Encoder-Decoder Architecture and Positional Encoding: The Complete Transformer Blueprint

Introduction

Self-attention and multi-head attention are the engines. But an engine alone doesn’t make a car. The Transformer architecture has two other critical components:

Encoder-Decoder structure—Enables sequence-to-sequence tasks (translation, summarization)
Positional encoding — Because self-attention has no built-in sense of order

In this post, we’ll understand how these pieces fit together to create the most influential AI architecture of the decade.
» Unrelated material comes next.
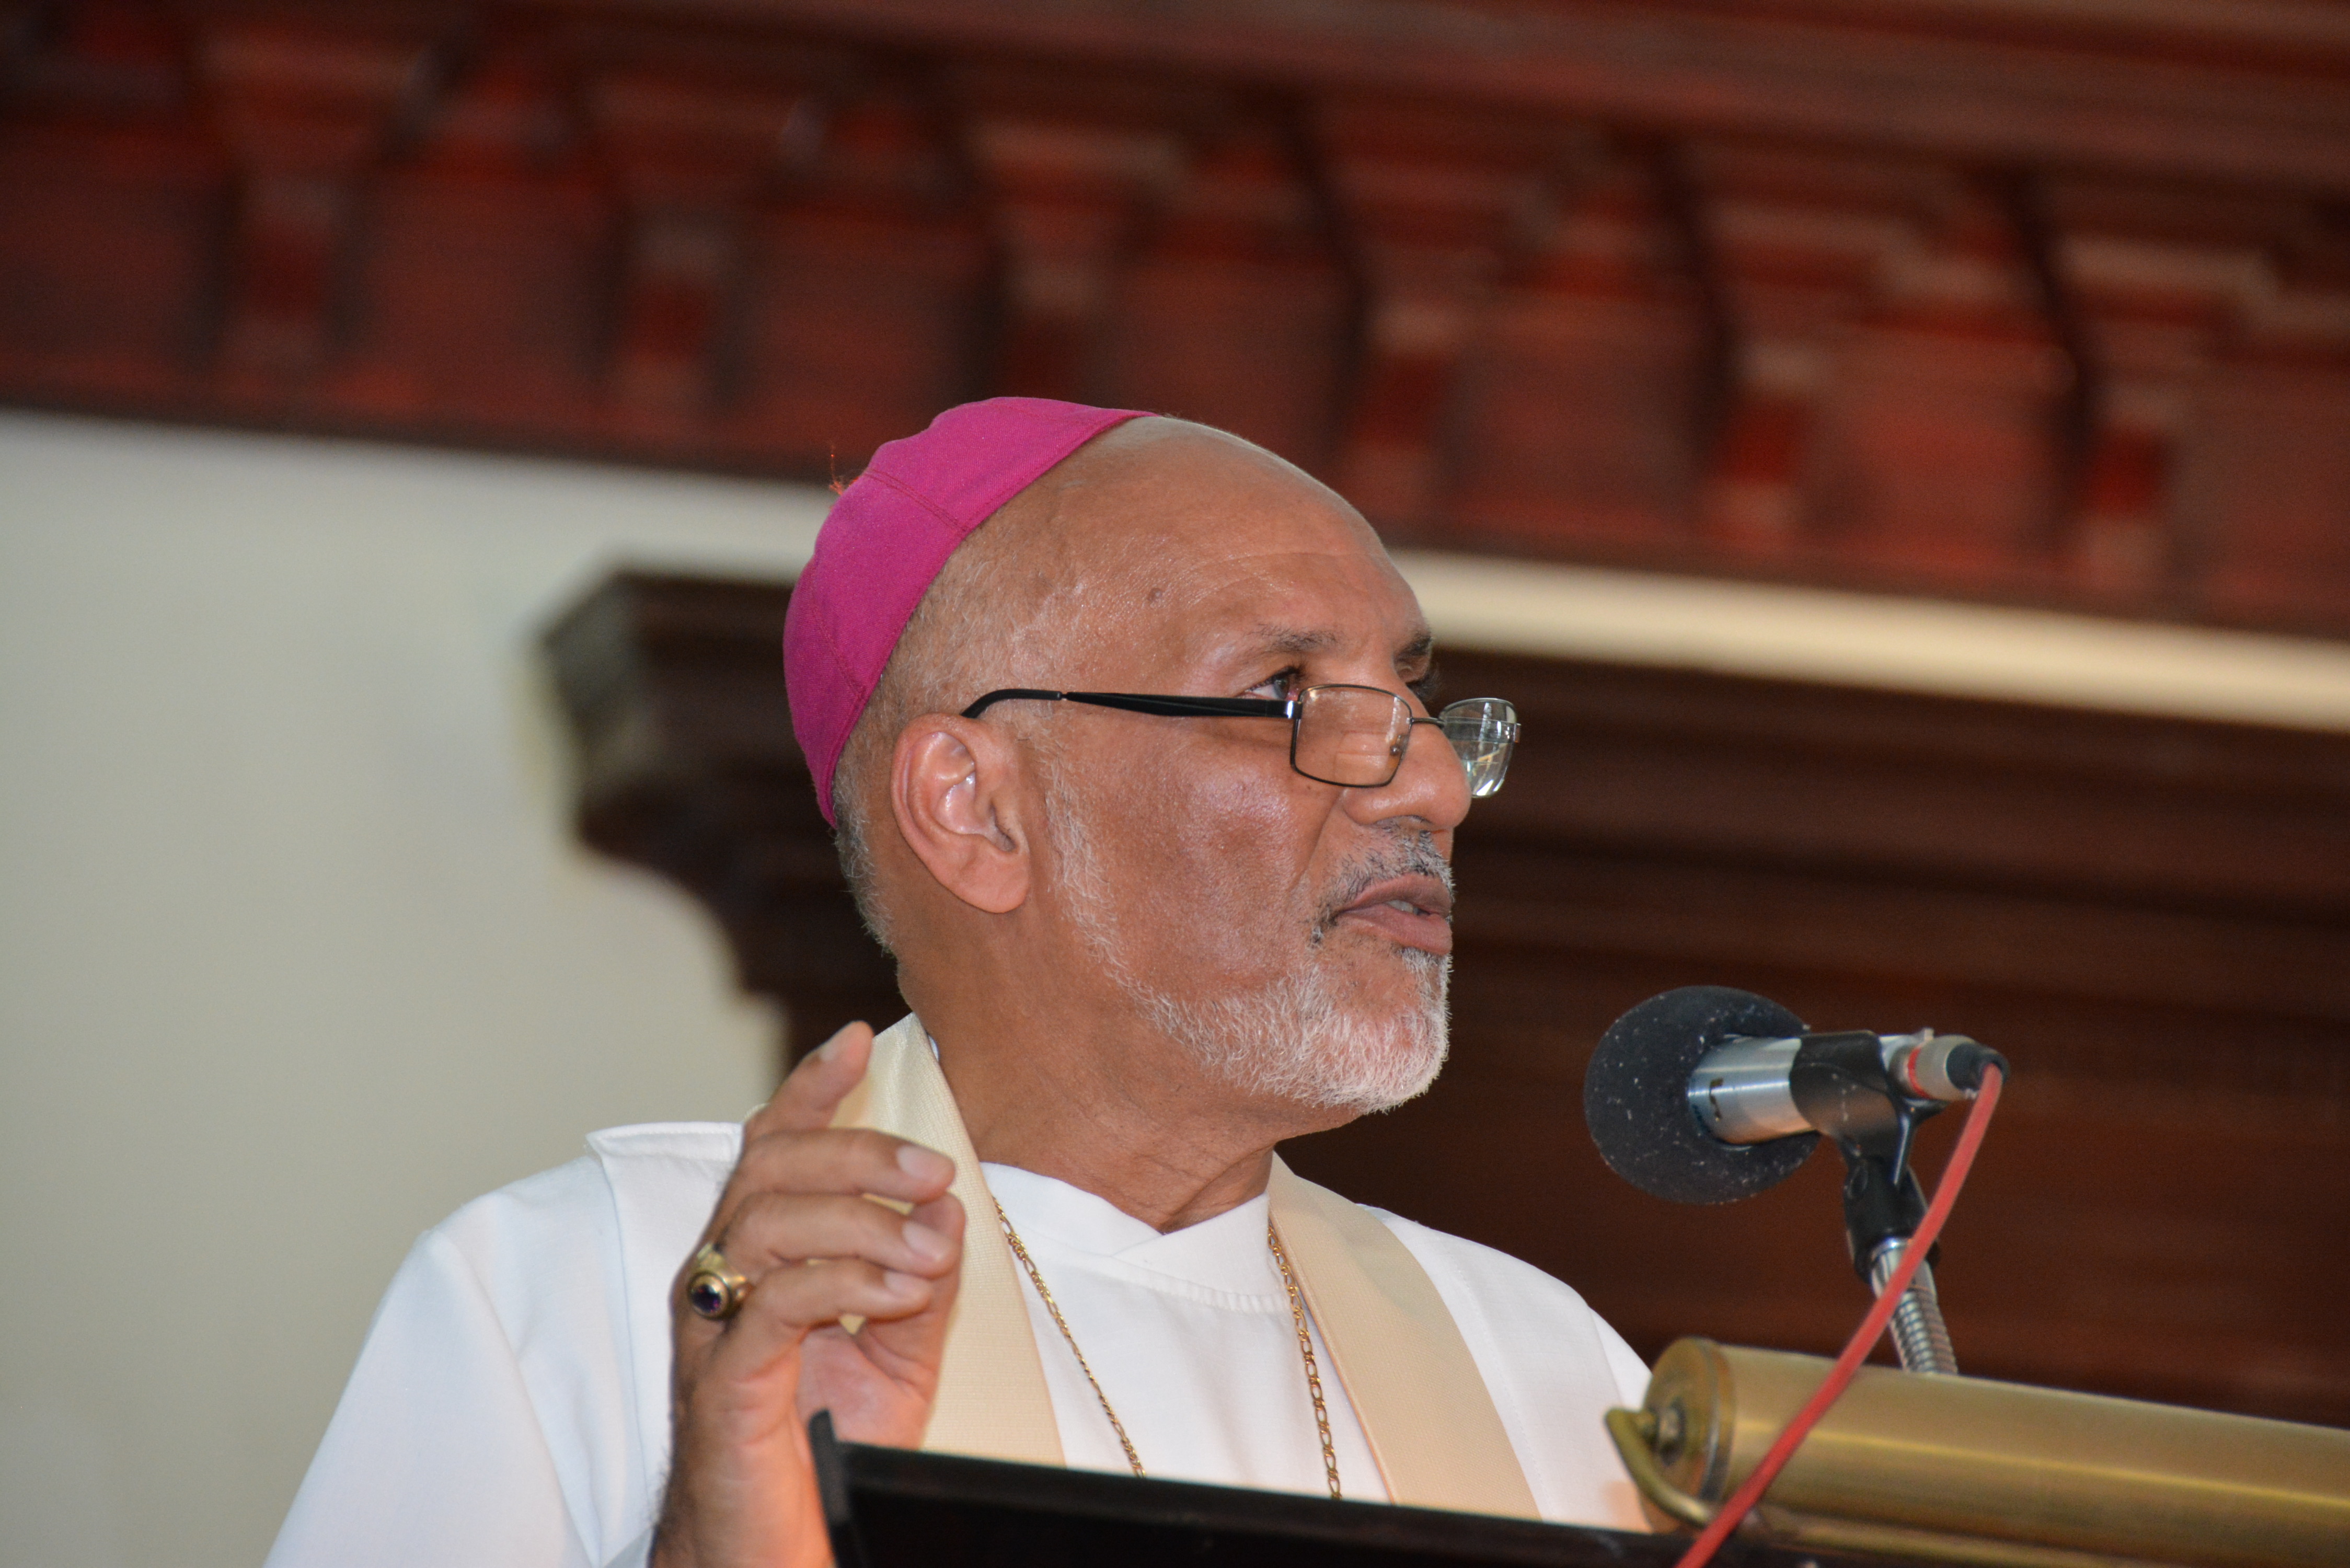 Synod Charge delivered by the Rt. Rev. Dr. Howard Gregory, Bishop of Jamaica and The Cayman Islands, at the Opening Service of the 145th Synod of the Church in Jamaica and the Cayman Islands (Anglican), held in the St. James’ Parish Church, on Tuesday April 7, 2015
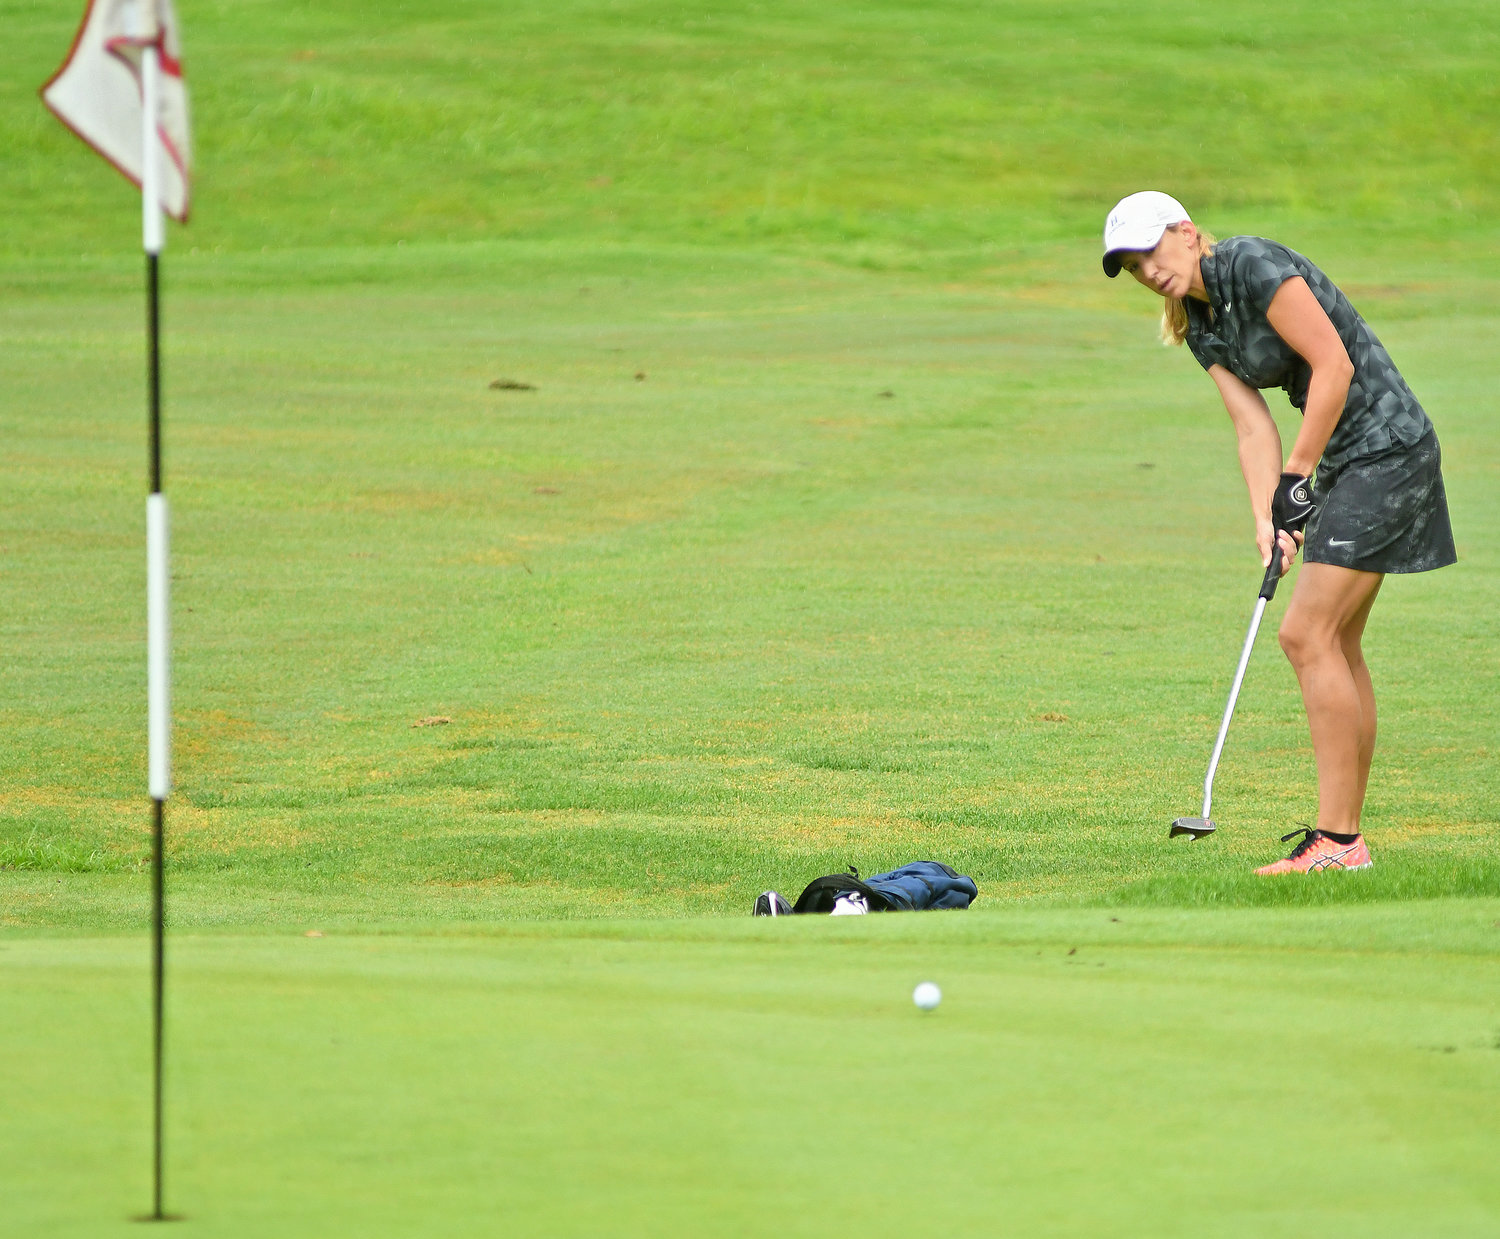 WATCHING THE PUTT — Rome's Lauren Cupp putts up to the fifth green during the second round of the Thirsty Owl New York Speedgolf Open on Monday at Rome Country Club. On Sunday at Teugega Country Club, Cupp set a new Women's Speedgolf World Record of 122:48, breaking the old one of 126:41. She shot a 72 and ran a time of 50:48 at Teugega.

The Encoder-Decoder Paradigm

The Transformer is not a single block. It’s a pipeline of two main components:

Encoder: Understanding the Input

The encoder reads the entire input sequence (e.g., an English sentence) and produces a deep representation for each word.

Encoder layers (stacked 6 or 12 times):

Multi-head self-attention
Feed-forward neural network
Residual connections + LayerNorm around each sub-layer

Output of encoder: A set of context-rich vectors, one per input token.

Decoder: Generating the Output

The decoder generates the output sequence one token at a time (e.g., French translation).

Decoder layers have three sub-layers:

Masked multi-head self-attention (can’t look at future output tokens)
Cross-attention (encoder-decoder attention) — queries from decoder, keys/values from encoder
Feed-forward network

The masked attention prevents cheating: when generating word 3, the decoder cannot see words 4, 5, 6.

How They Work Together: Translation Example

Task: Translate English “I love you” to French “Je t’aime.”

Step 1 — Encoding:

Input [“I,” “love,” “you”] passes through encoder
Encoder produces vectors enriched with context

Step 2 — Decoding (autoregressive):

Start with <START> token
Decoder attends to encoder’s output (cross-attention) to understand input
Generate first word: “Je”
Feed “Je” back into decoder
Generate second word: “t’”
Feed “Je t’” back
Generate “aim”
Stop at <END>

Each generation step uses:

Self-attention: On previously generated words
Cross-attention: On encoder’s representation of input

This is why Transformers excel at sequence-to-sequence tasks.

The Silent Crisis: Self-Attention Has No Order

Here’s a shocking fact: Self-attention treats a sentence as a bag of words. Consider these two sentences:

“Dog bites man”
“Man bites dog”

Self-attention sees the same set of words: {dog, bites, man}. The attention scores are identical because the mechanism is permutation-invariant.

But meaning is completely different! We need to encode position.

Positional Encoding: Adding Back the Order

Transformers inject information about a word’s position before attention.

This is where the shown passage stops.